Robert Heilbroner, 85, an economist and the author of the best-selling book The Worldly Philosophers: The Lives, Times and Ideas of the Great Economic Thinkers, died Jan. 4 in New York City of a stroke after a three-year bout with Lewy body disease, a brain disease similar to Alzheimer's.

He was a professor emeritus at the Graduate Faculty of Political and Social Science division of the New School University, where he spent his career.

The Worldly Philosophers, first published in 1953, provides a history of world economists from Adam Smith to John Maynard Keynes. He graduated from Harvard University in 1940 and briefly worked in the federal Office of Price Administration before serving in the Army during World War II. He then began studying at the New School while working as a free-lance writer and earned a doctorate in economics for his book The Making of Economic Society. He wrote more than 20 other books.

Jimmy Griffin, 61, a founder of the soft-rock group Bread who helped write the Oscar-winning song "For All We Know," died Tuesday of complications of cancer at his home in Franklin, Tenn.

He won an Academy Award for best song for co-writing the Carpenters' hit "For All We Know" for the movie Lovers and Other Strangers. He also wrote country hits, including Conway Twitty's "Who's Gonna Know" and Restless Heart's "You Can Depend On Me."

Mr. Griffin did not sing lead vocals on most of Bread's singles - that slot was occupied by David Gates - but his harmony vocals and guitar work were crucial elements in the band's soft rock success.
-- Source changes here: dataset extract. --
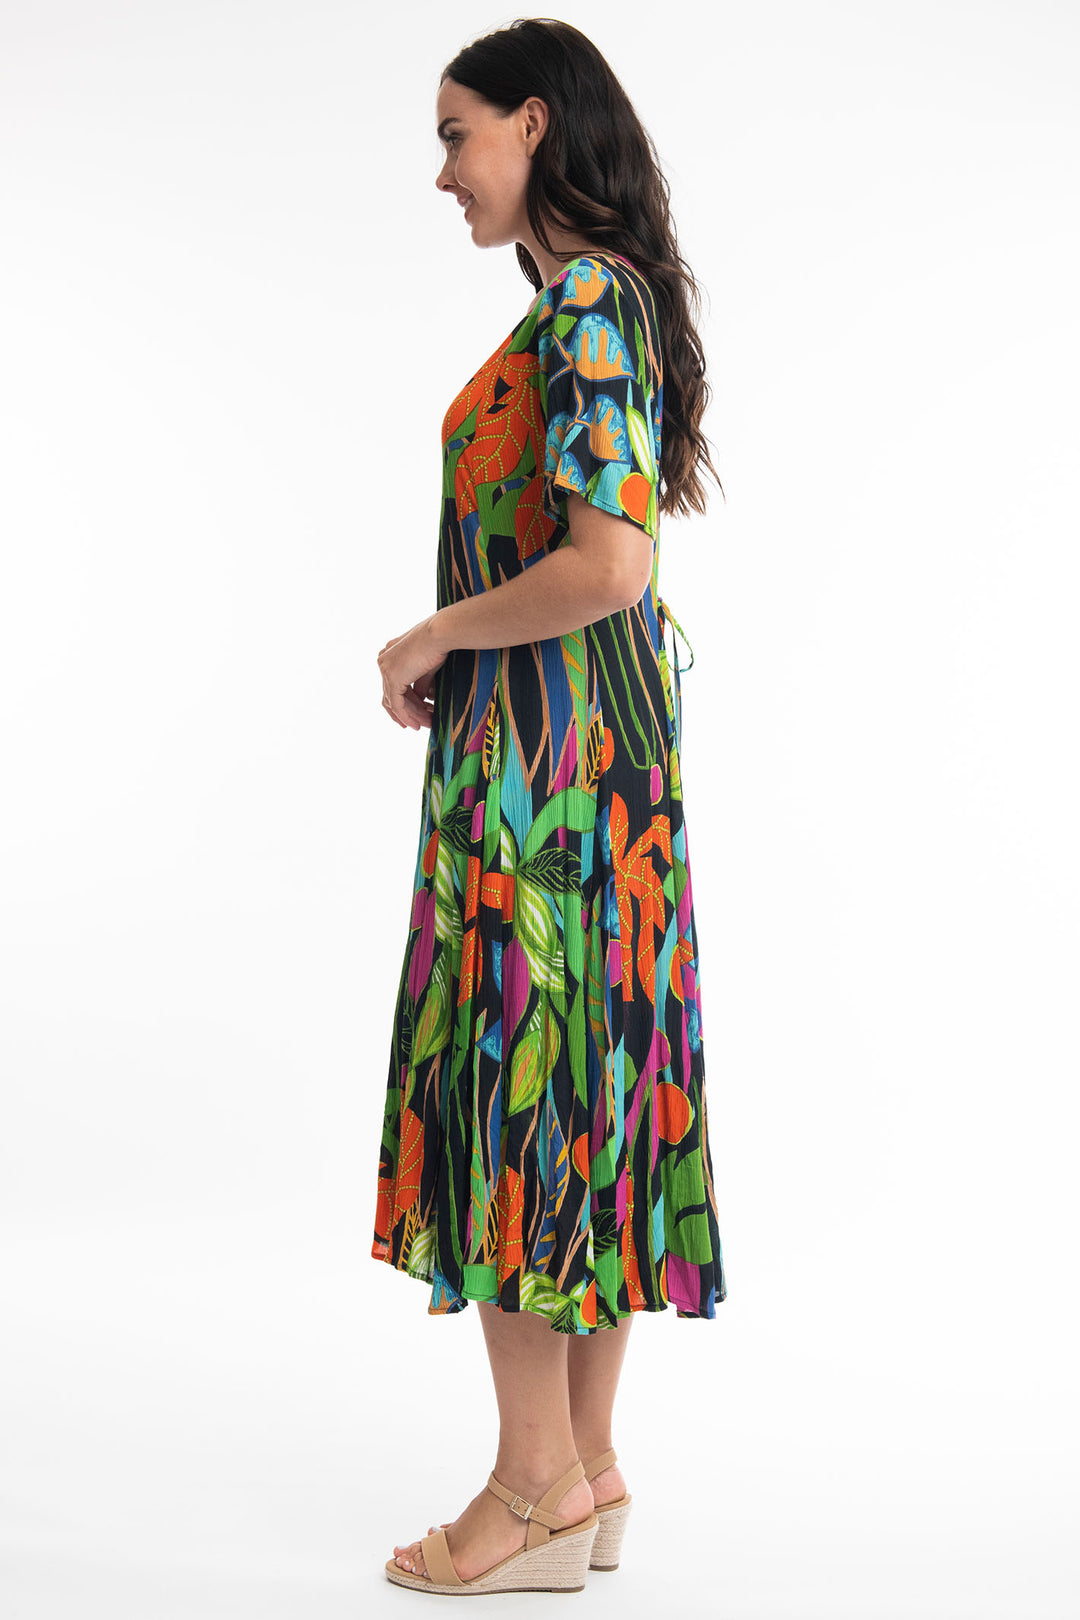 Orientique O9177 Nicossia Black Tropical Print Godet Dress - Experience Boutique

Their hits included "Make It With You," "Baby I'm-A Want You" and "Everything I Own." In the 1980s, he formed Black Tie with ex-Eagle Randy Meisner, and he became a staple on the Nashville scene in the early 1990s with a band called the Remingtons.

Jay Schulberg, 65, the advertising executive who made milk hip by putting creamy mustaches on the famous and beautiful, died Wednesday of pancreatic cancer in Doylestown, Pa.

As creative head of Ogilvy & Mather in New York, and later as chief creative officer of Bozell Worldwide, Mr. Schulberg devised some of the most familiar campaigns in the country. To sell American Express travelers checks in the 1970s, he hired a fedora-wearing Karl Malden, then playing a detective on television, to intone: "Don't leave home without it." He declared that the worst headaches are "Excedrin headaches." He also had a grandfatherly figure introduce Country Time Lemonade by promising that it tastes just like "good old-fashioned lemonade."

In 1994, the nation's milk processors hired Bozell to persuade people to drink their milk. The firm hired Annie Leibovitz to photograph Naomi Campbell, Lauren Bacall and others.